The ever-growing volume of data collected and analyzed by companies is driving machine learning’s potential within applications ranging from autonomous vehicles and automated industrial equipment, to smartphones and video-streaming services. These applications are becoming a dominant force in the lives of the everyday consumer.
What do engineers and scientists with minimal experience working with machine-learning algorithms need to know before getting started?
Engineers and scientists need to know answers to three questions before they can start building a machine-learning model: What kind of data are they working with? What insights do they hope to derive? How will those insights be applied?
The answers to these questions will determine their path forward—specifically whether they should use supervised or unsupervised learning approaches, and which types of algorithms are suitable to investigate (Fig. 2).
2. One of the first questions engineers and scientists must answer when building a machine-learning model is whether to use supervised or unsupervised learning. (© 1984–2019 MathWorks)
Supervised learning trains a model on known input and output data so it can then be used to predict future outputs.
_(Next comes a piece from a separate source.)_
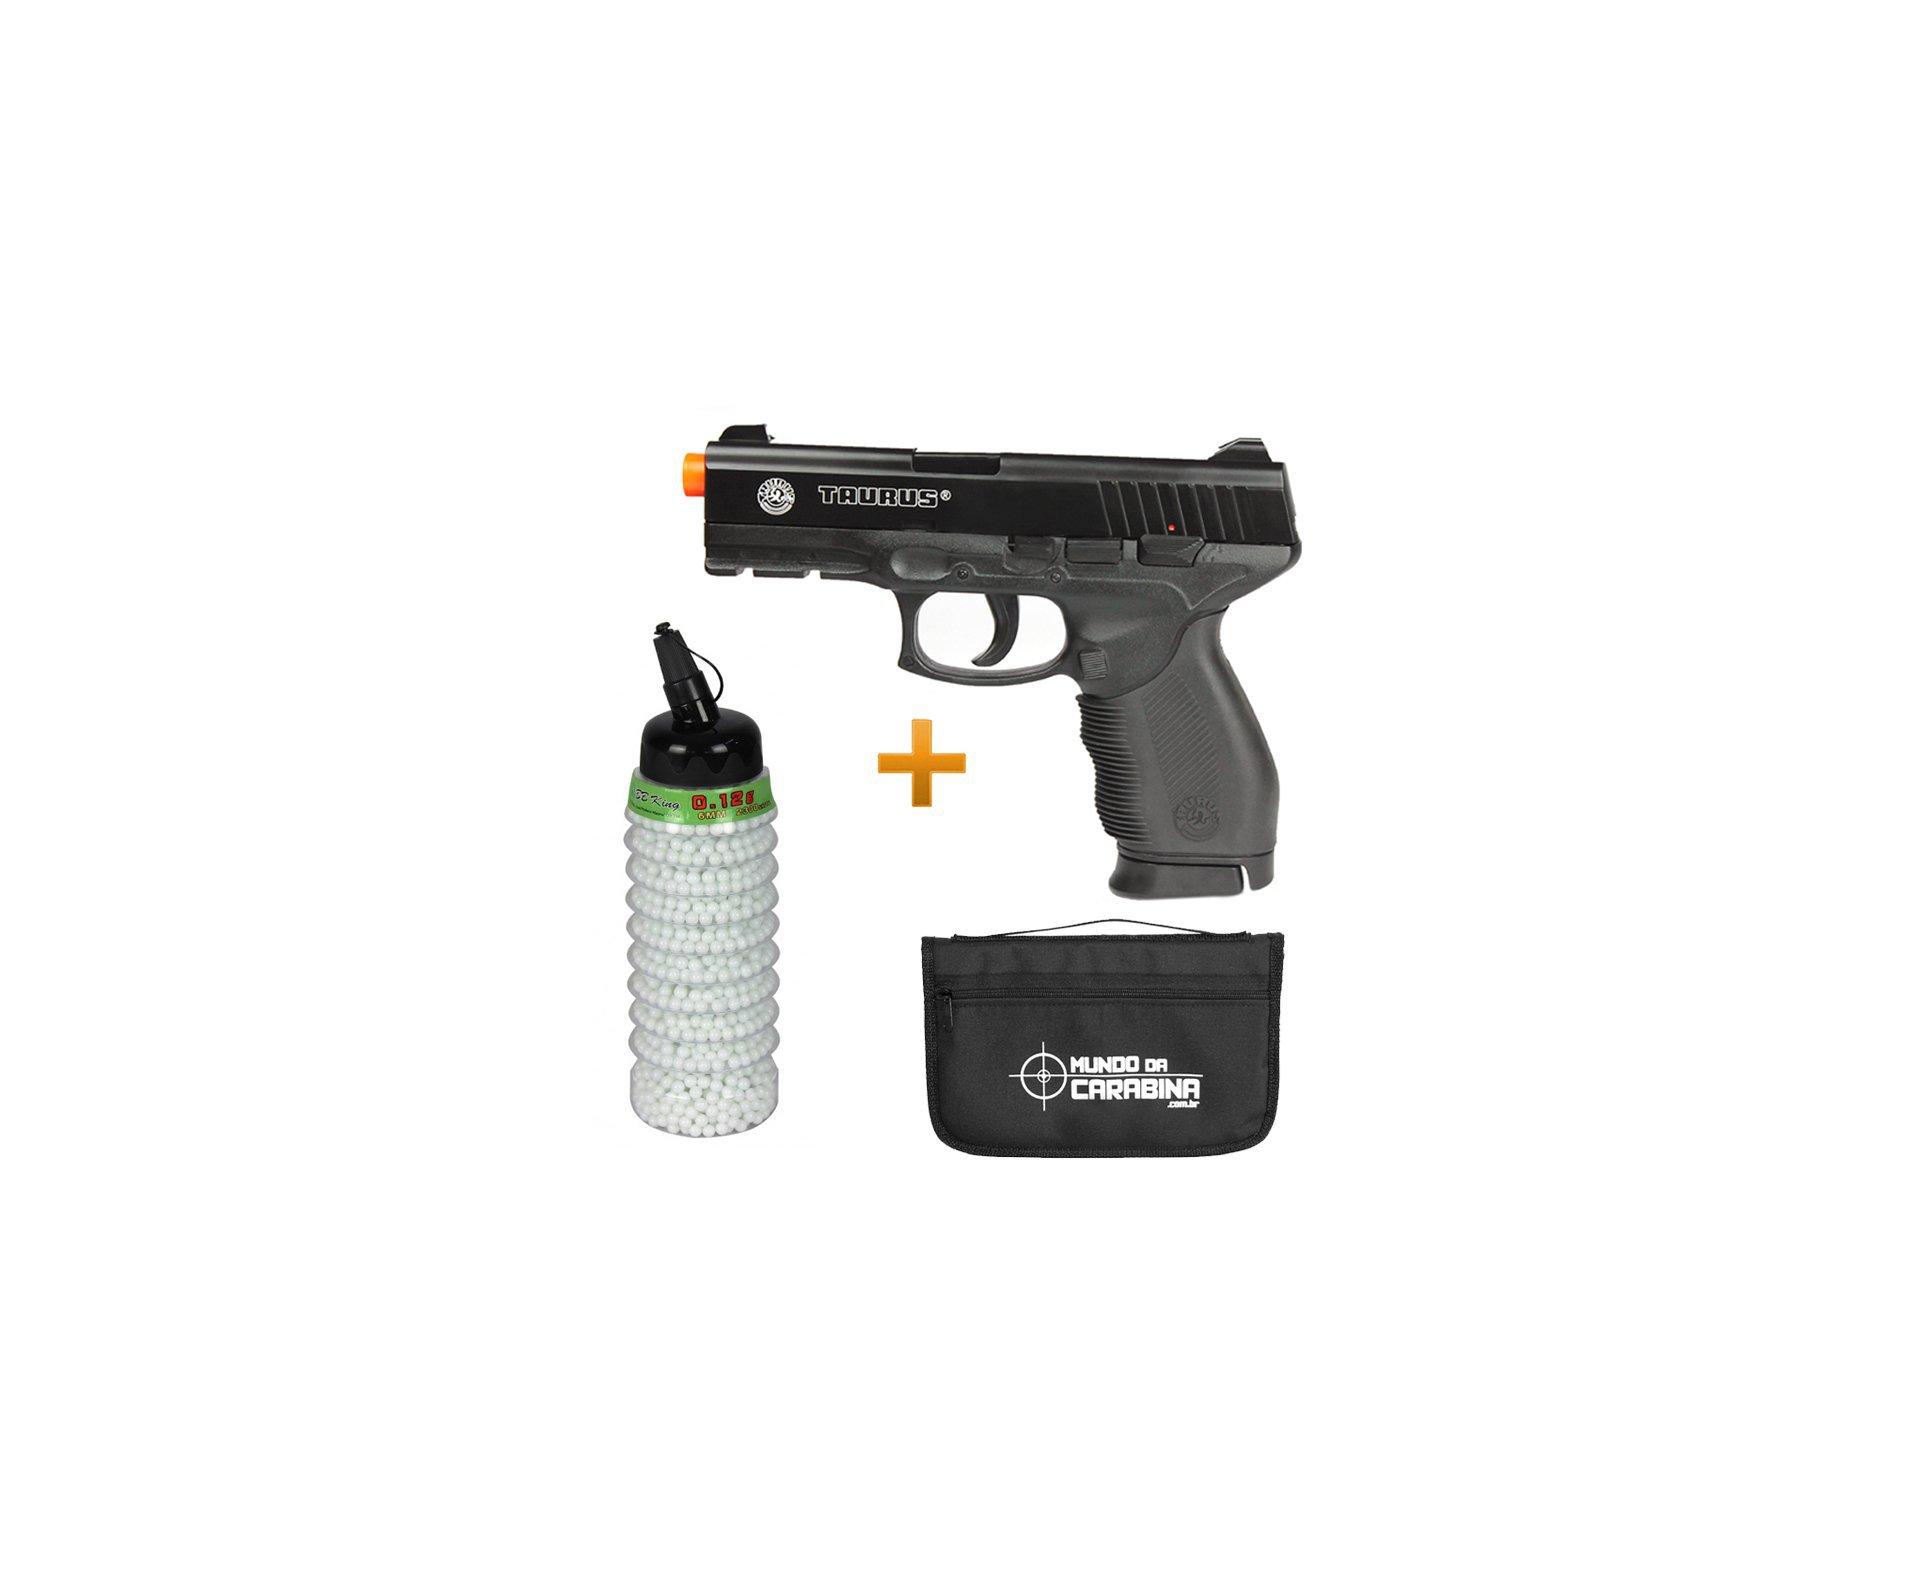 Pistola De Airsoft Taurus Pt 24/7 Semi/metal Cal 6,0 Mm + 4000 Esferas Plásticas 0,12g + Capa - Cybergun

An example of supervised learning is a smartphone health-monitoring app that classifies the user’s daily activities (sitting, standing, walking, running, etc.) based on input data from smartphone motion sensors. Supervised learning is powerful because it provides a path to predict outputs or states that cannot be directly measured or are expensive to measure. However, in order to train a supervised machine-learning model, you need labeled examples. In the smartphone example, this meant collecting data for users explicitly performing each of the activities.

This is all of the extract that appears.